TASK OBJECTIVE: Any pictures in the records below must be left out when you repeat the lines from the line containing "Nokia Lumia 1320 Phablet Smartphone Picture" through the line containing "NakedSword Originals: Brent" exactly.

DATA:

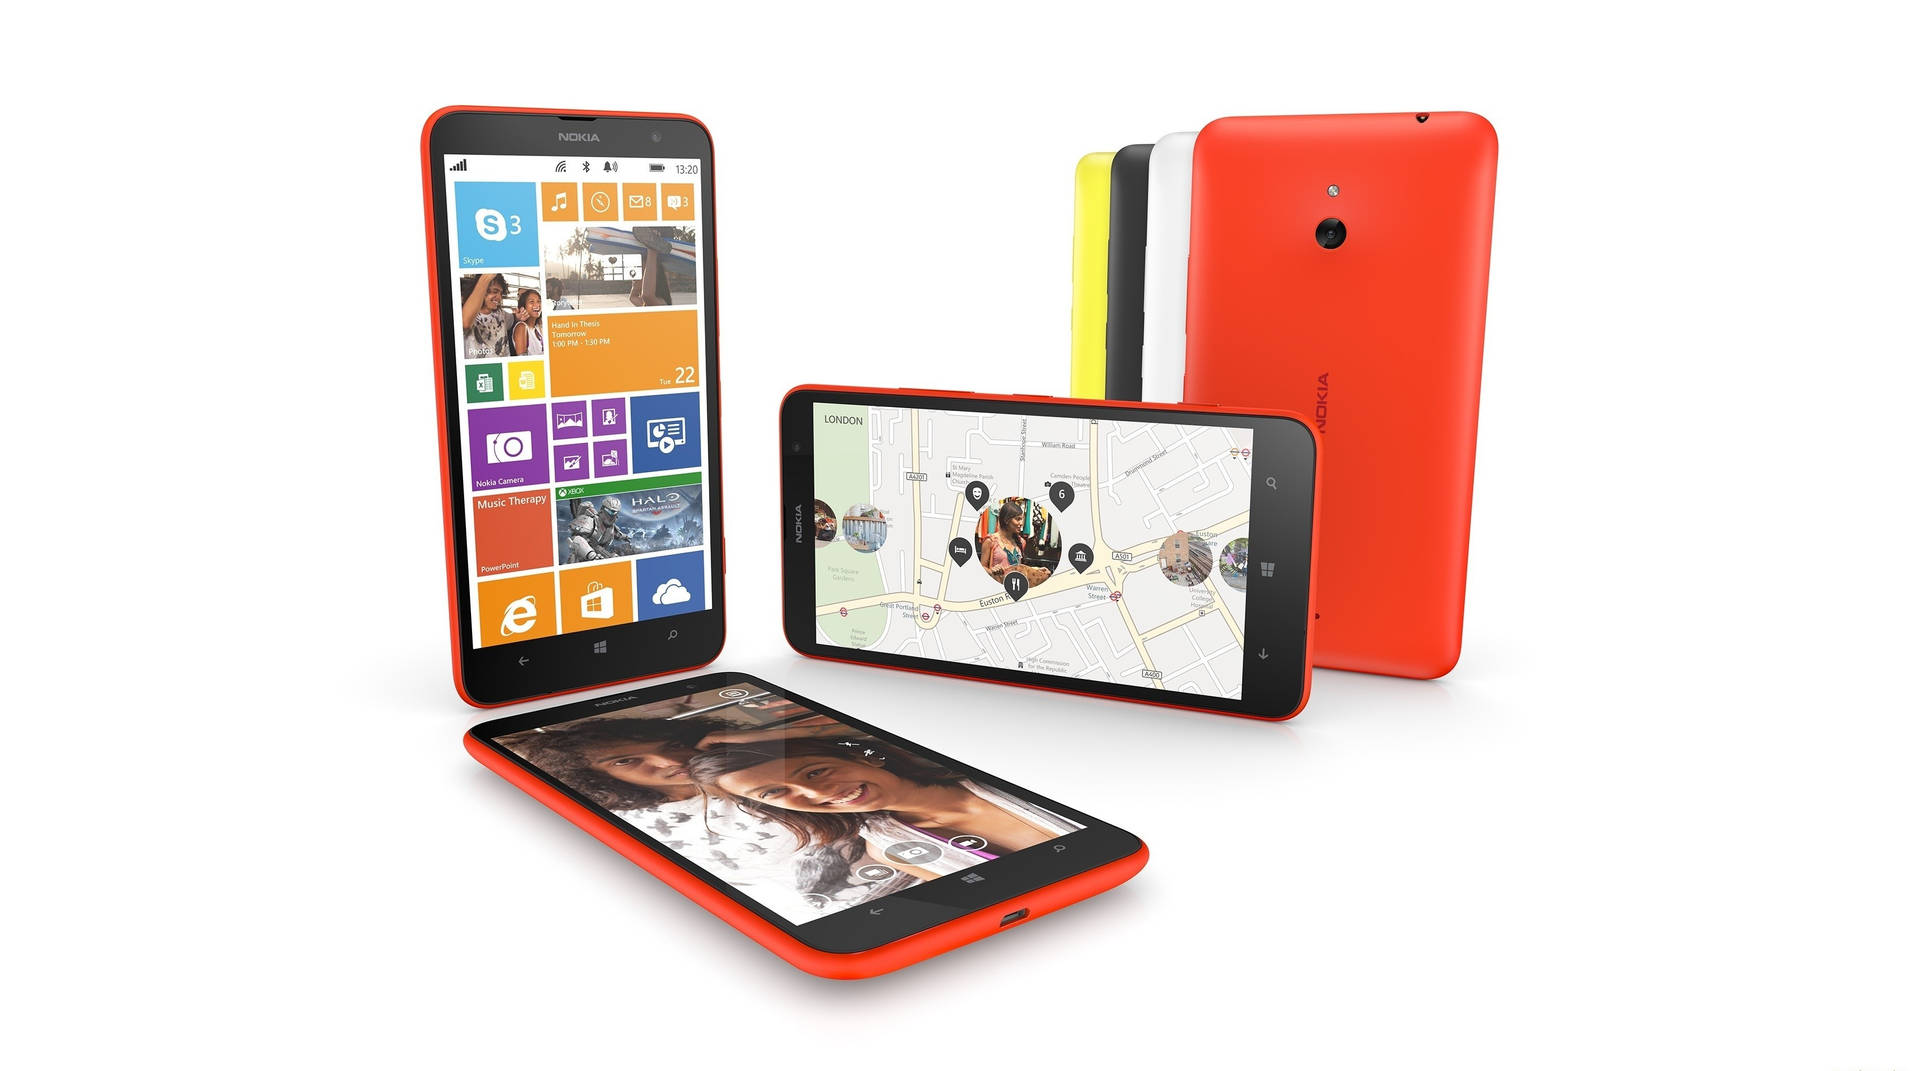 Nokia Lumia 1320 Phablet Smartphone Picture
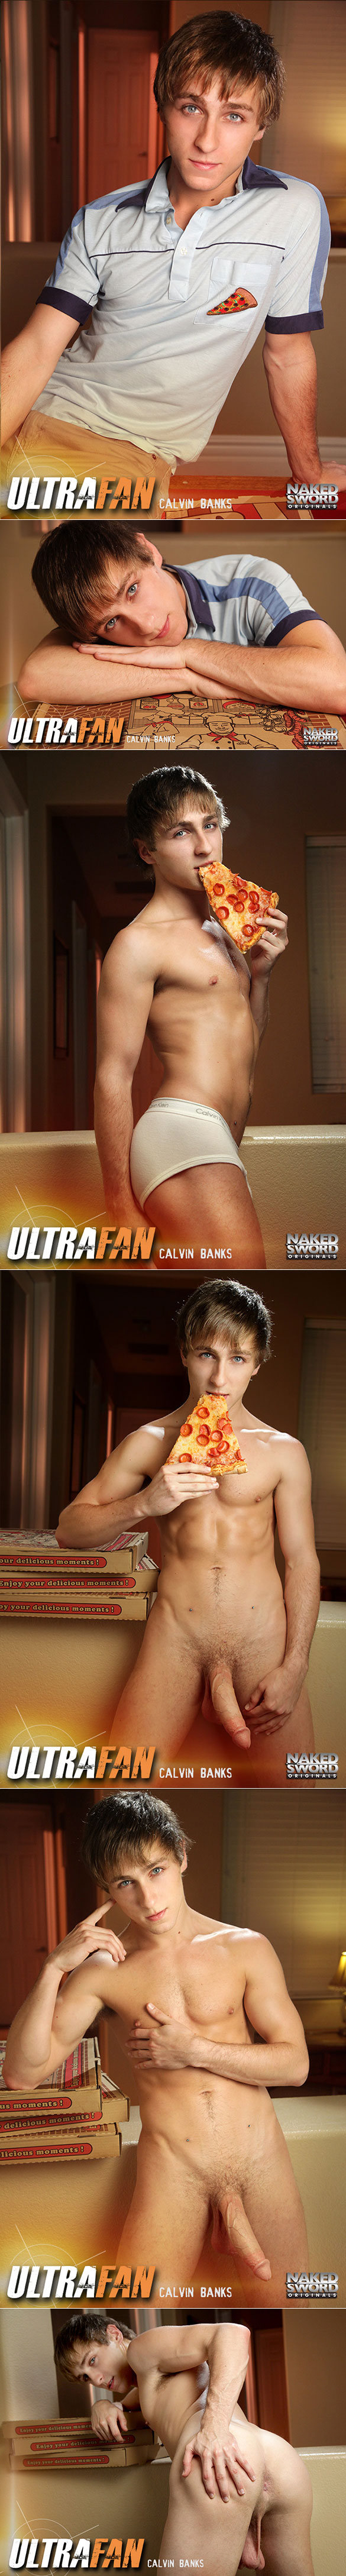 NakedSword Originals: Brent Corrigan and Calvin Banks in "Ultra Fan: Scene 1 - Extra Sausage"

==

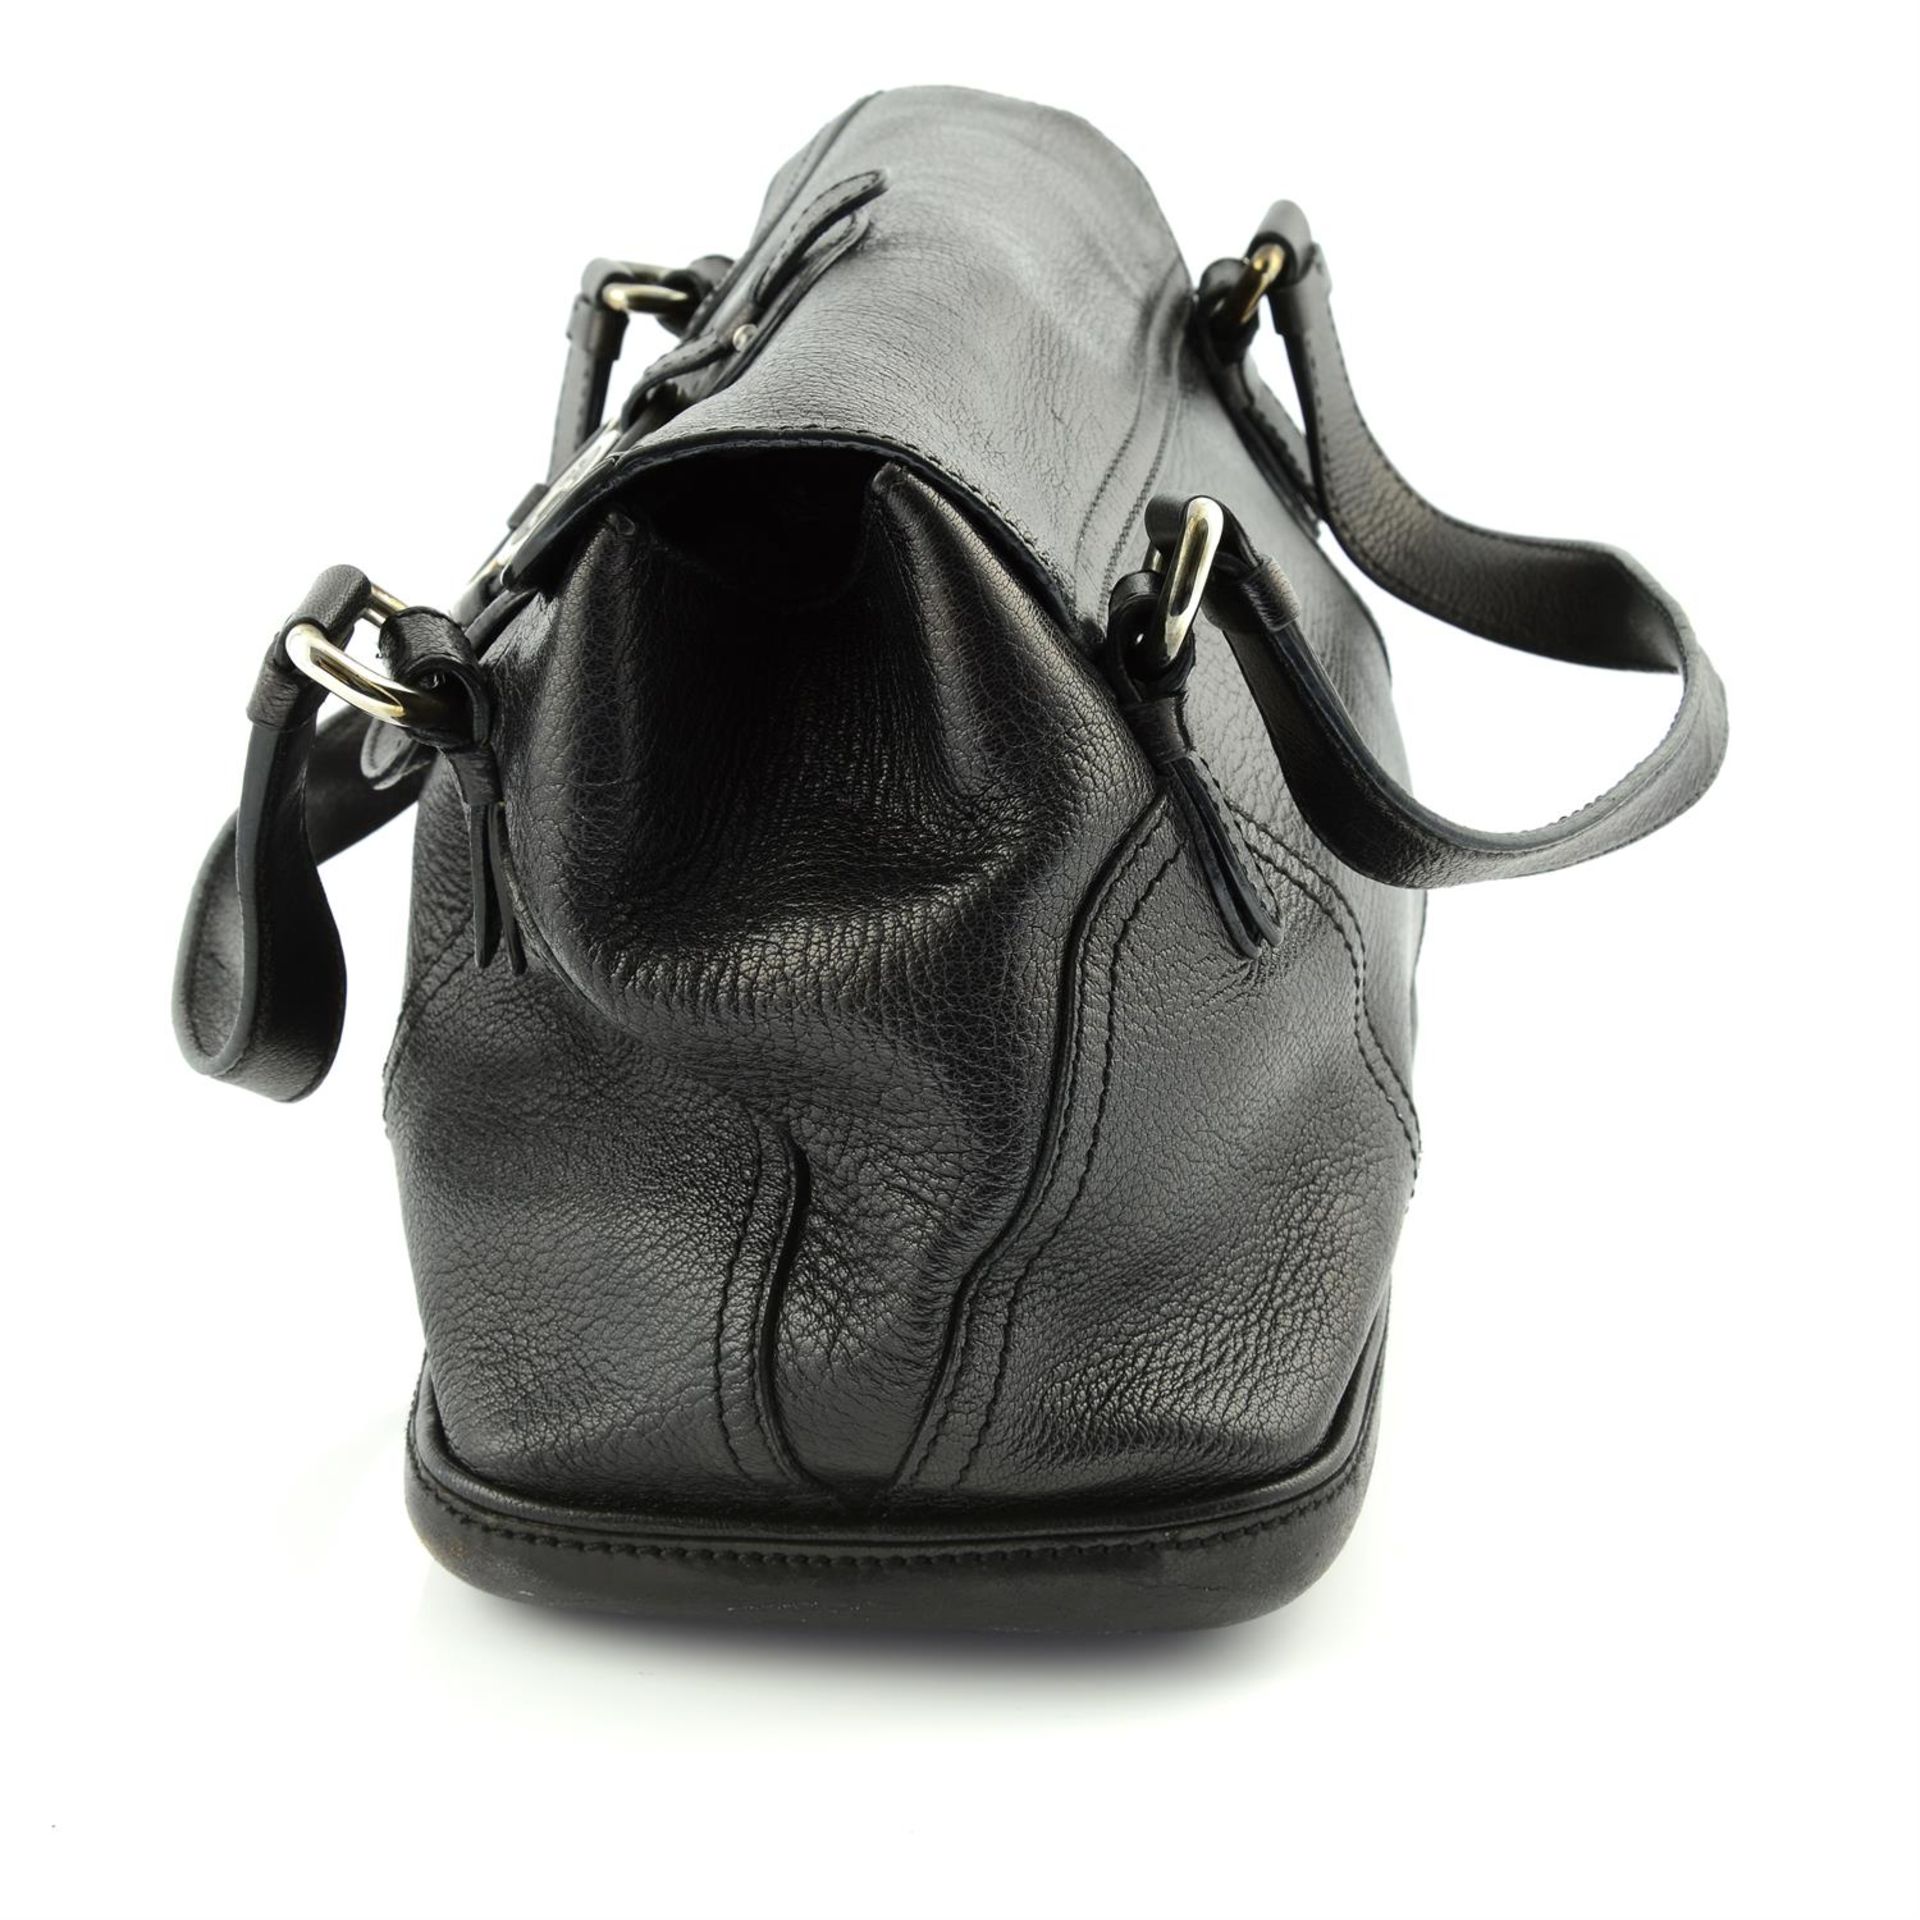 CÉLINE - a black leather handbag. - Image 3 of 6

EXERCISE ANSWER:
 Nokia Lumia 1320 Phablet Smartphone Picture
 NakedSword Originals: Brent Corrigan and Calvin Banks in "Ultra Fan: Scene 1 - Extra Sausage"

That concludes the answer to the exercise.